As you know, this transaction is subject to antitrust review. We will have to divest a fair number of centers. We are already seeing strong demand for whatever divestitures we will make, and we're even contacted by a number of potential buyers. There will be minimal operating income impact from this deal in 2011 because the transaction is likely to close in the second half of the year. And we will, of course, incur some transaction and integration costs in the first few quarters post close, and it will take some time to achieve the ultimate synergies.

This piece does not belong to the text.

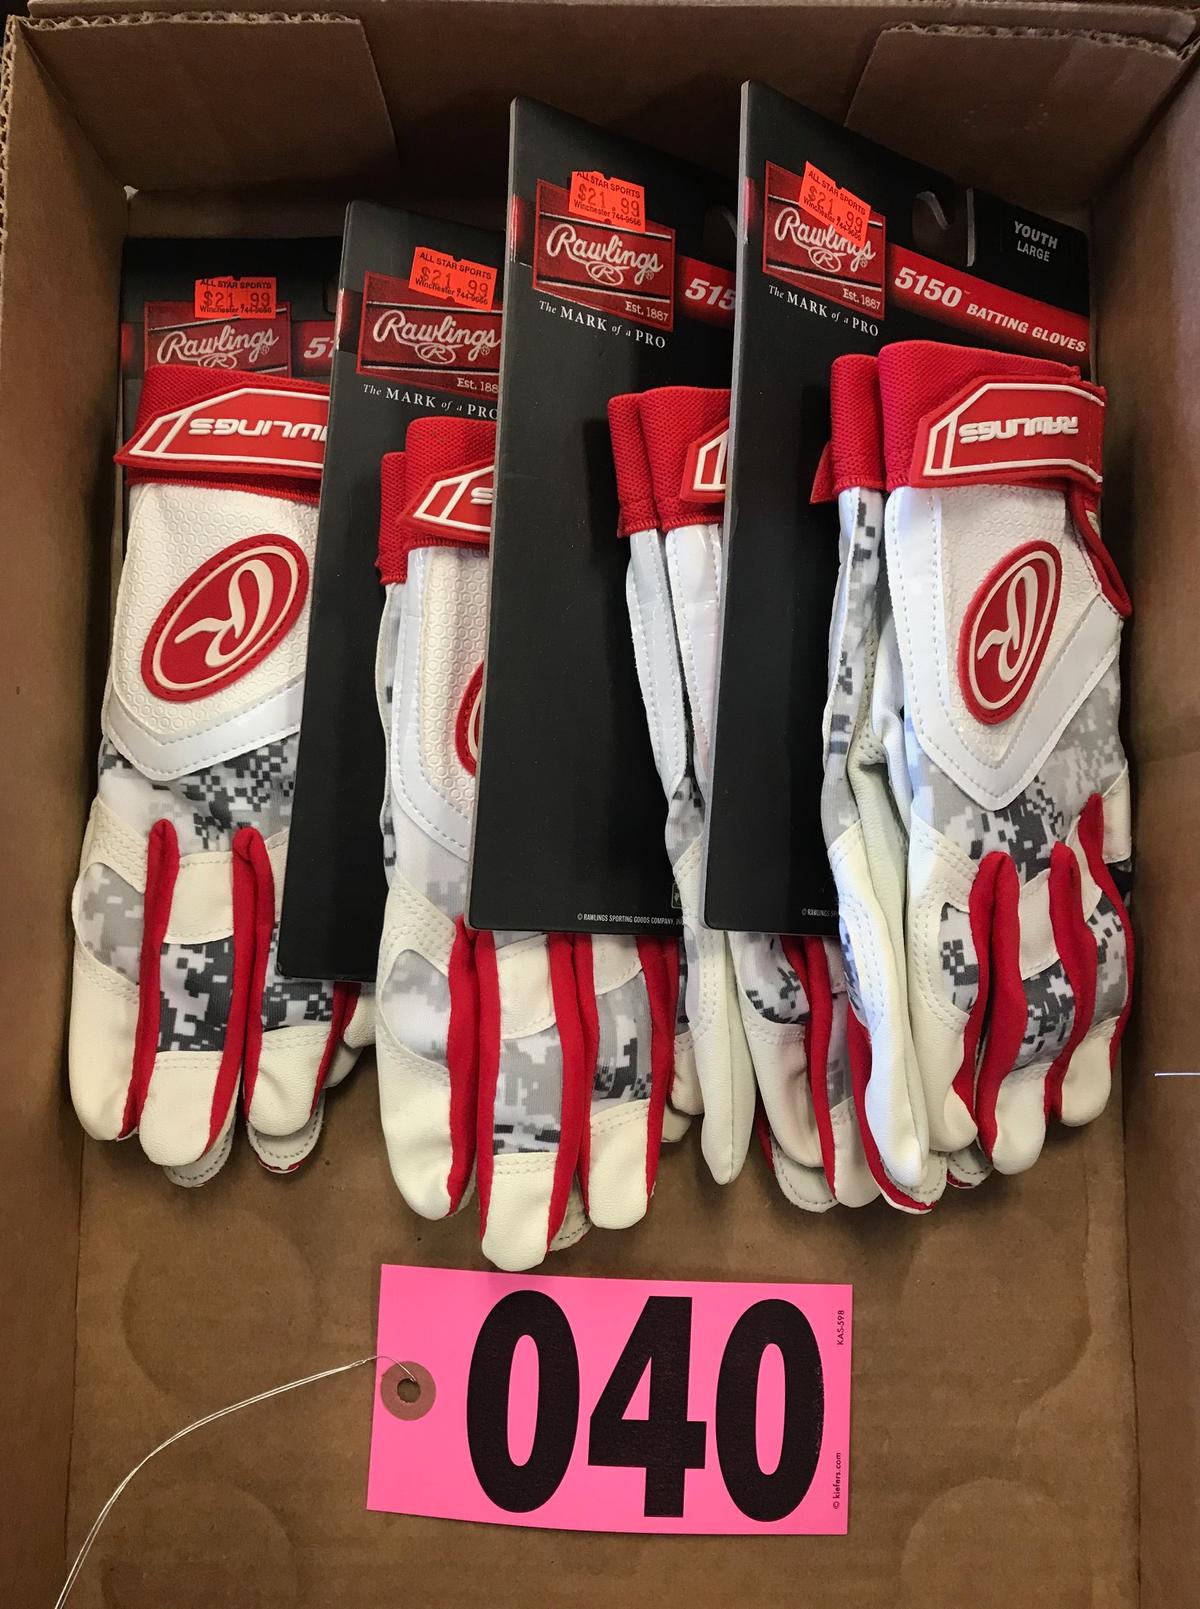 (4) Youth large batting gloves, red/white

Next subject is bundling. As of January 1, we are in the bundle as most of you know. You will also recall that we are being subjected to an annual cut of approximately $140 million in Medicare reimbursement for our 2010. We are working hard to fill this gap and are making solid progress. There are still also a few uncertainties under the new reimbursement itself. We do not yet know how the clinical changes that physicians are implementing will play out across our entire patient population. We will not receive our first payments for a couple more weeks, and we continue to have to work on being able to identify and capture case mix and outlier adjusters. This is one of the frustrating exceptions to the otherwise collaborative process we have had with CMS in implementing the bundle.